» **Problem details**: Transcribe every line below exactly; no image goes into the output.

» **Material provided**:
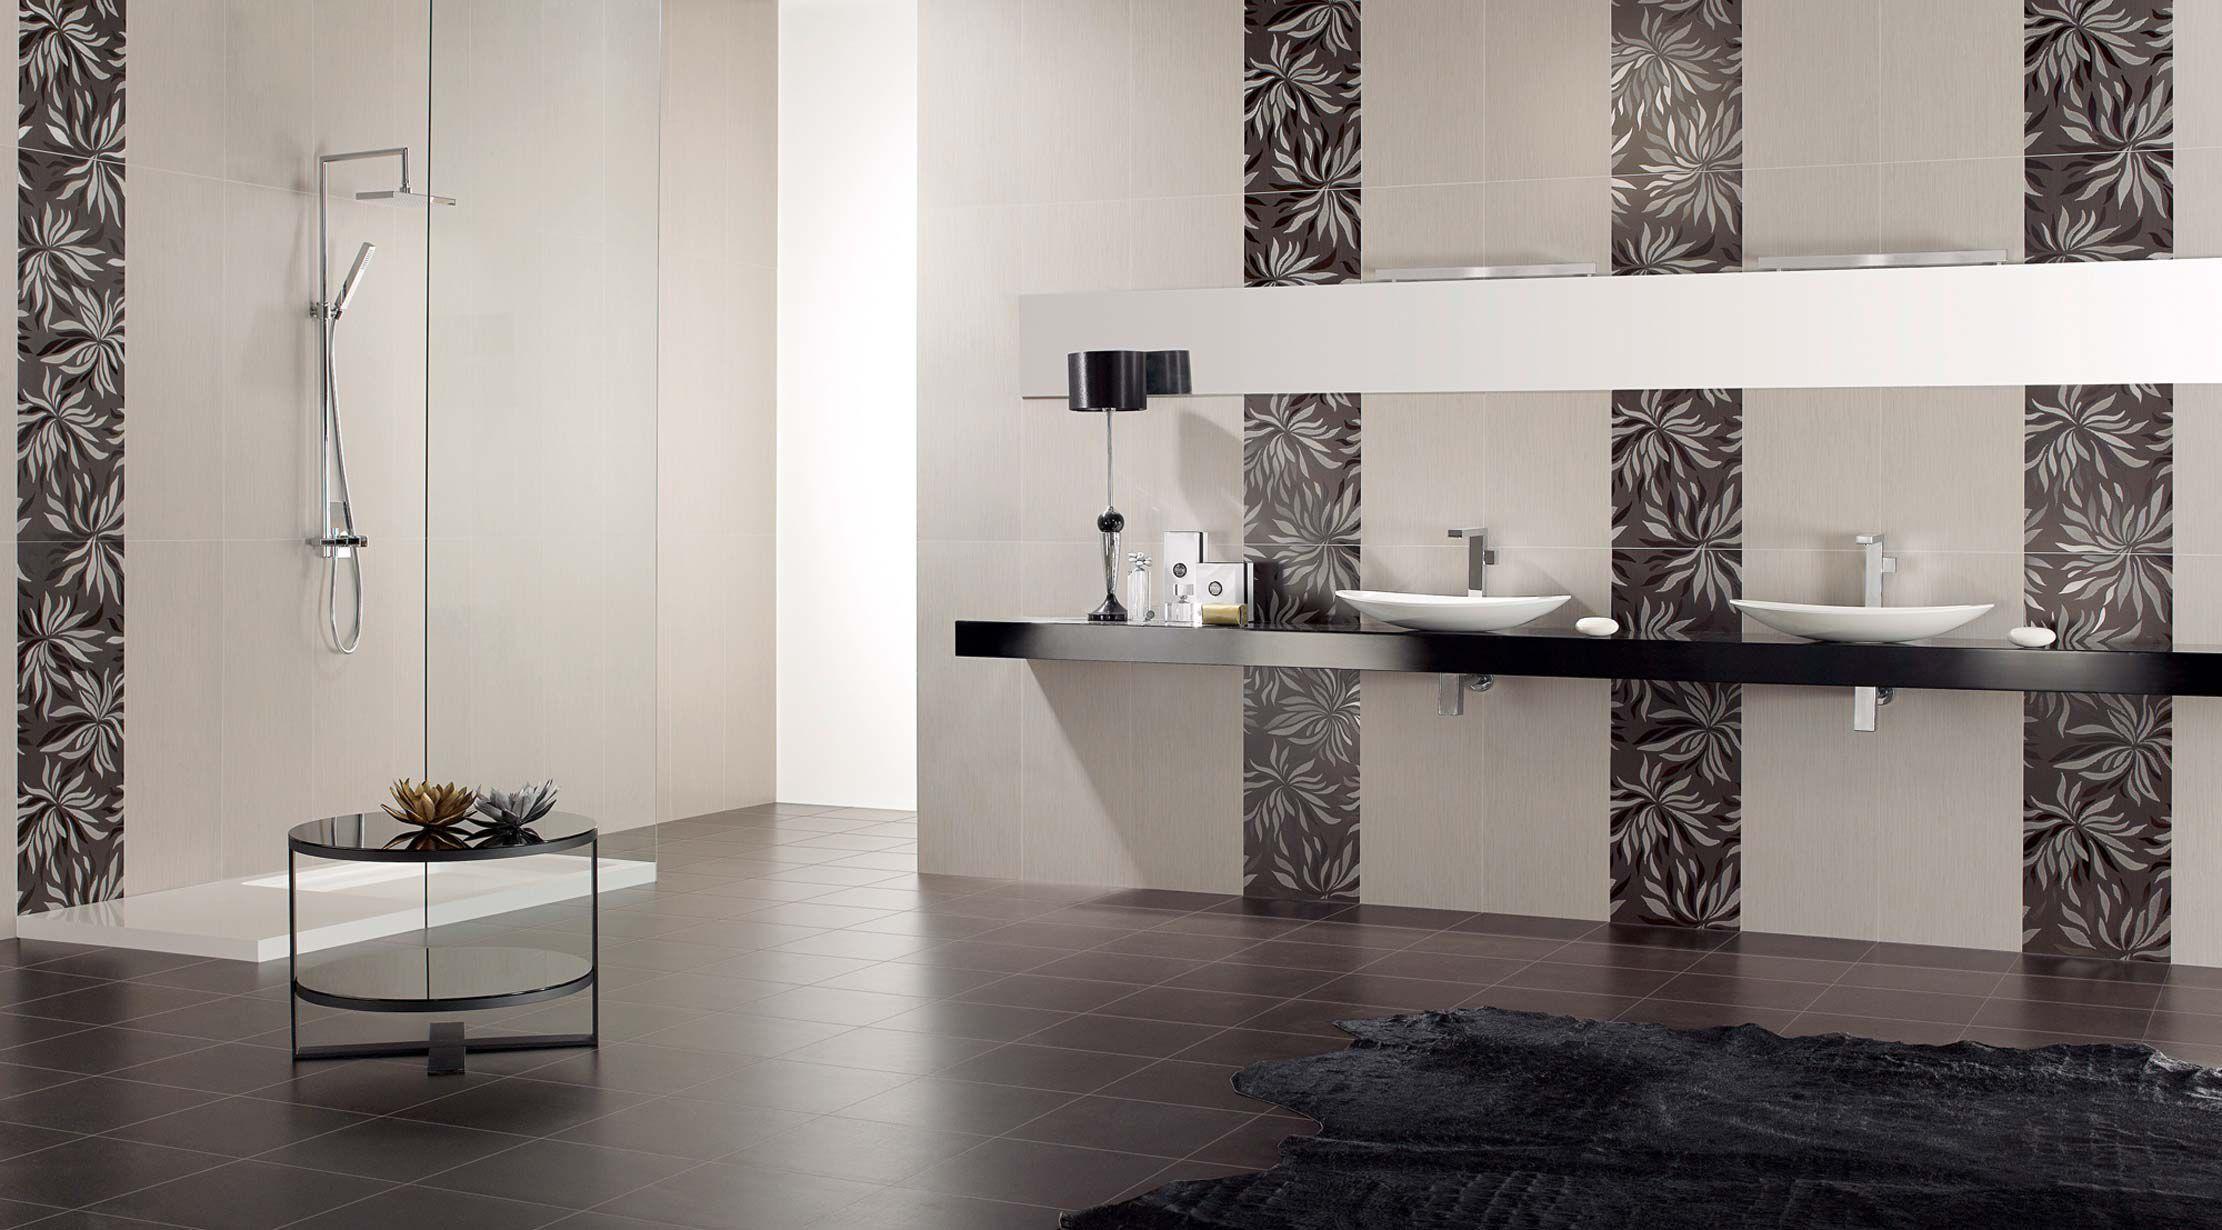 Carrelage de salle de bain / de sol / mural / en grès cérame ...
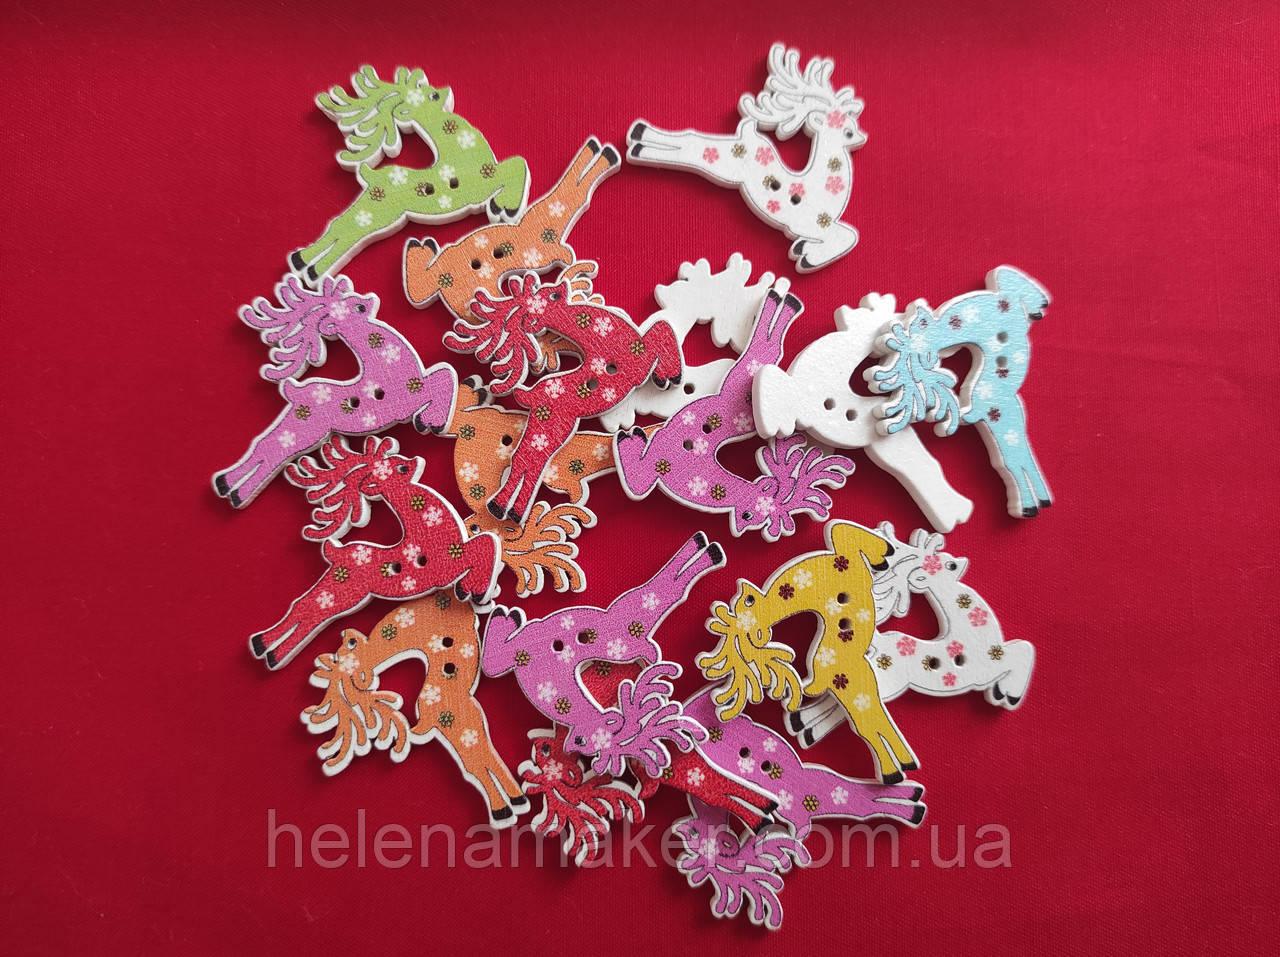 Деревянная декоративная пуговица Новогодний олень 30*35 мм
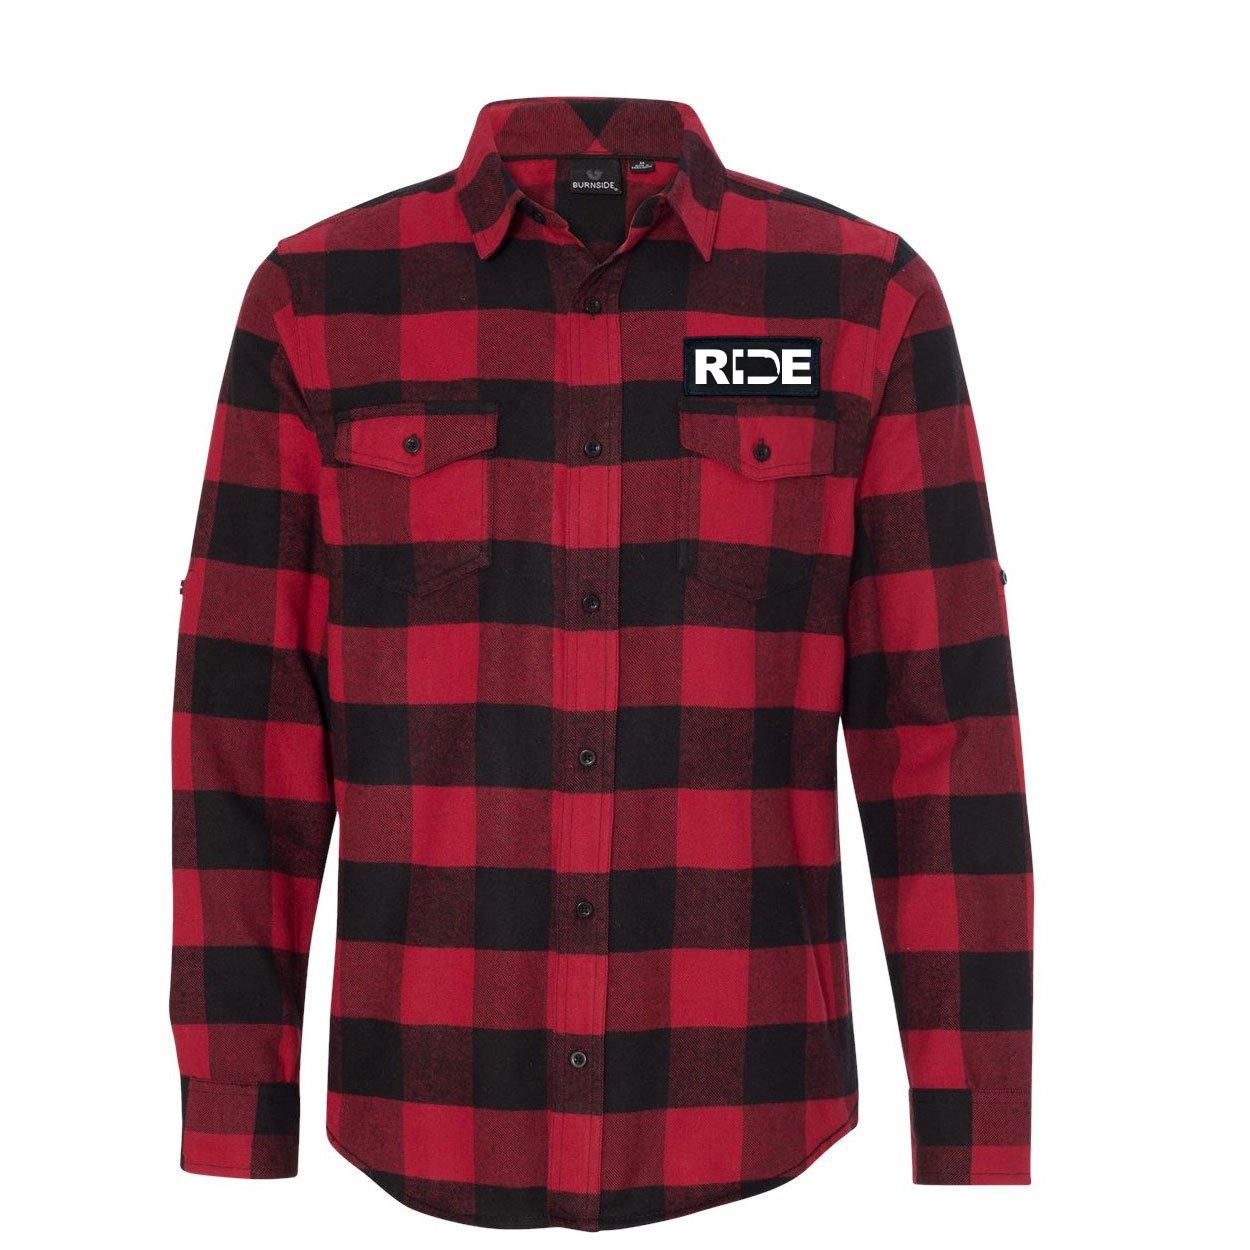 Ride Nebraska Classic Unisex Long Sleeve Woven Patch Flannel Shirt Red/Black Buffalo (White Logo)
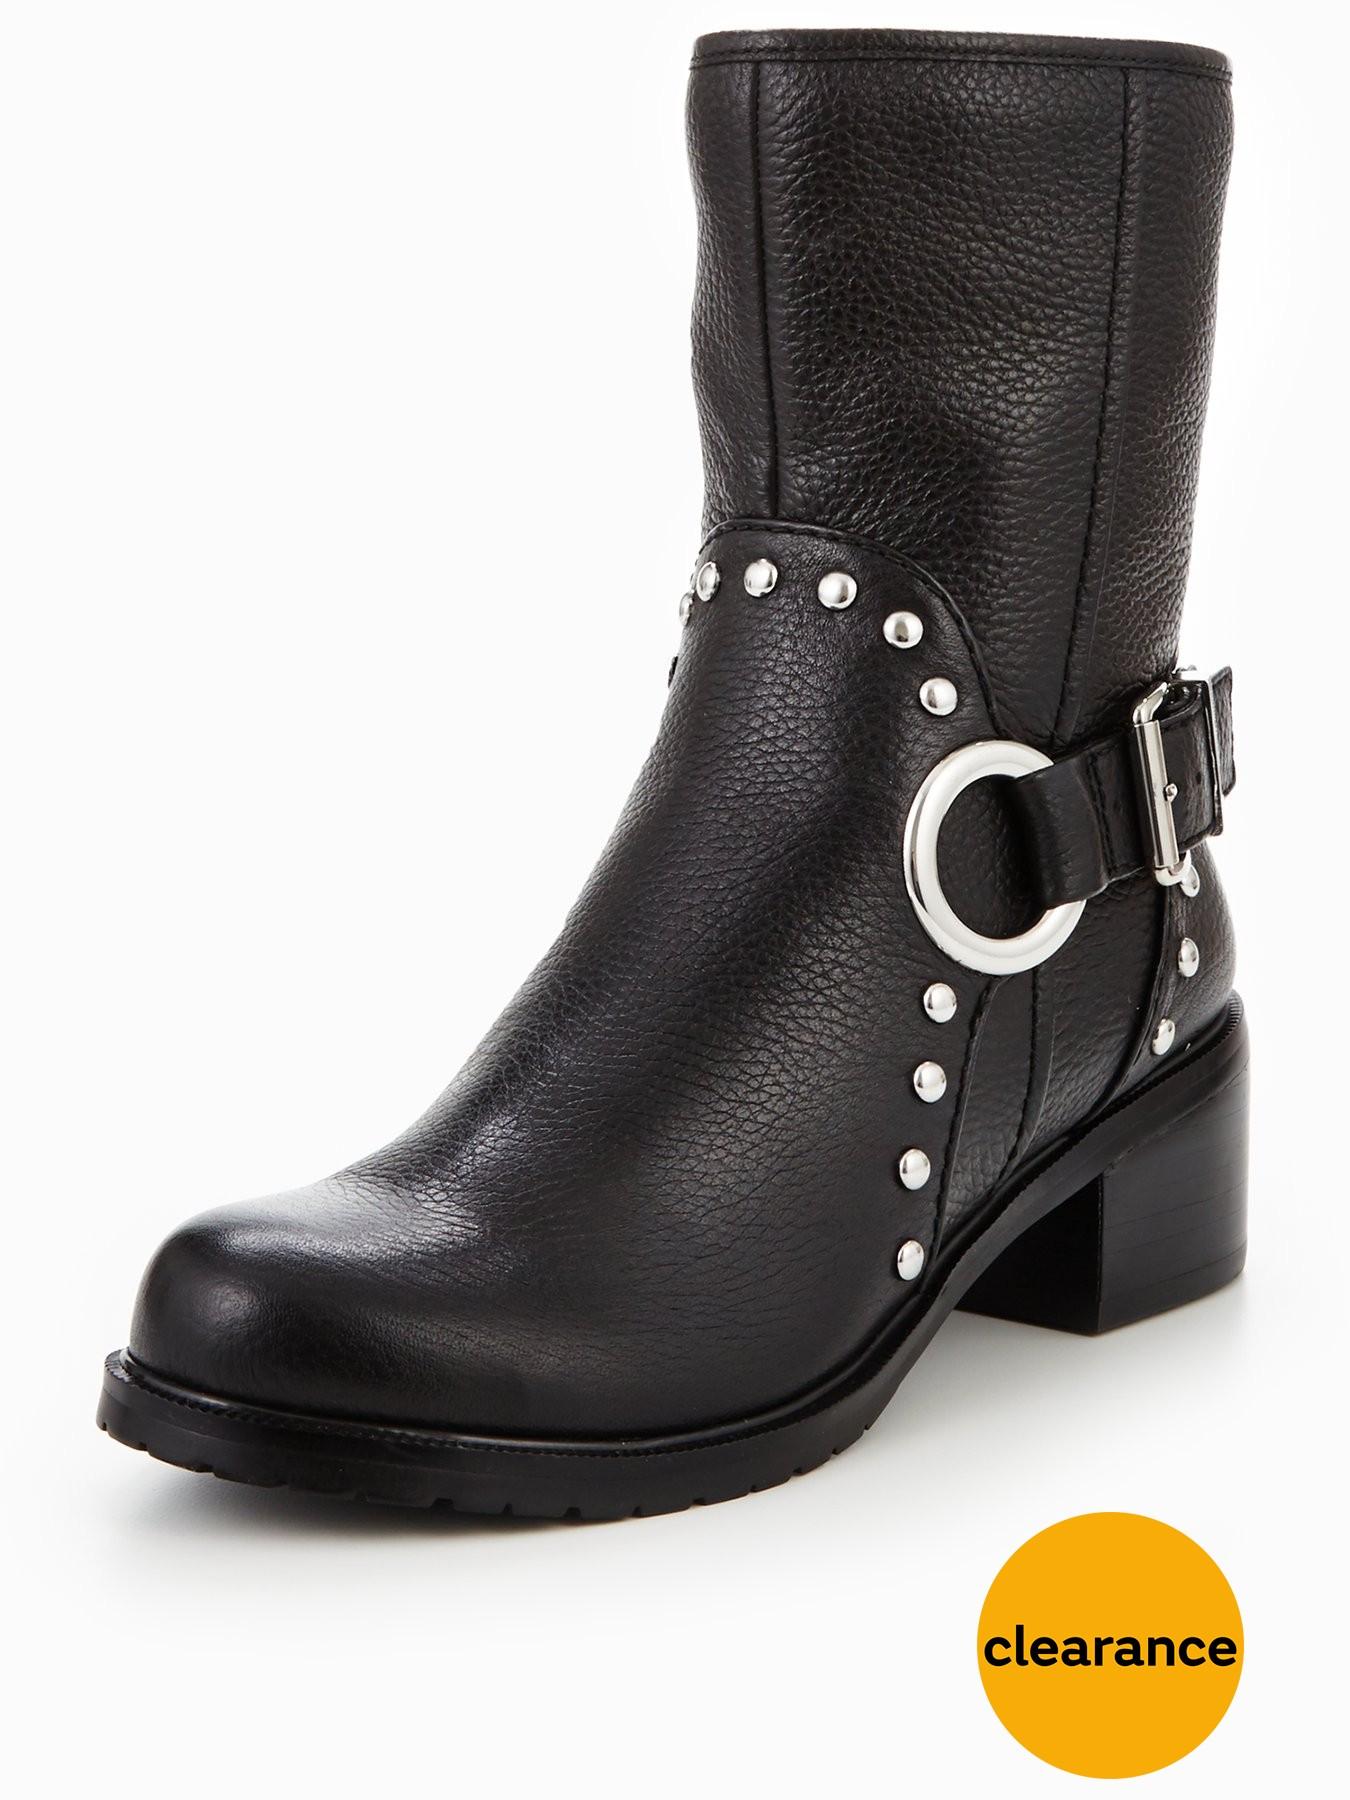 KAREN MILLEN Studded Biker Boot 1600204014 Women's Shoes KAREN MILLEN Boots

» **Output for this task**:
 Carrelage de salle de bain / de sol / mural / en grès cérame ...
 Деревянная декоративная пуговица Новогодний олень 30*35 мм
 Ride Nebraska Classic Unisex Long Sleeve Woven Patch Flannel Shirt Red/Black Buffalo (White Logo)
 KAREN MILLEN Studded Biker Boot 1600204014 Women's Shoes KAREN MILLEN Boots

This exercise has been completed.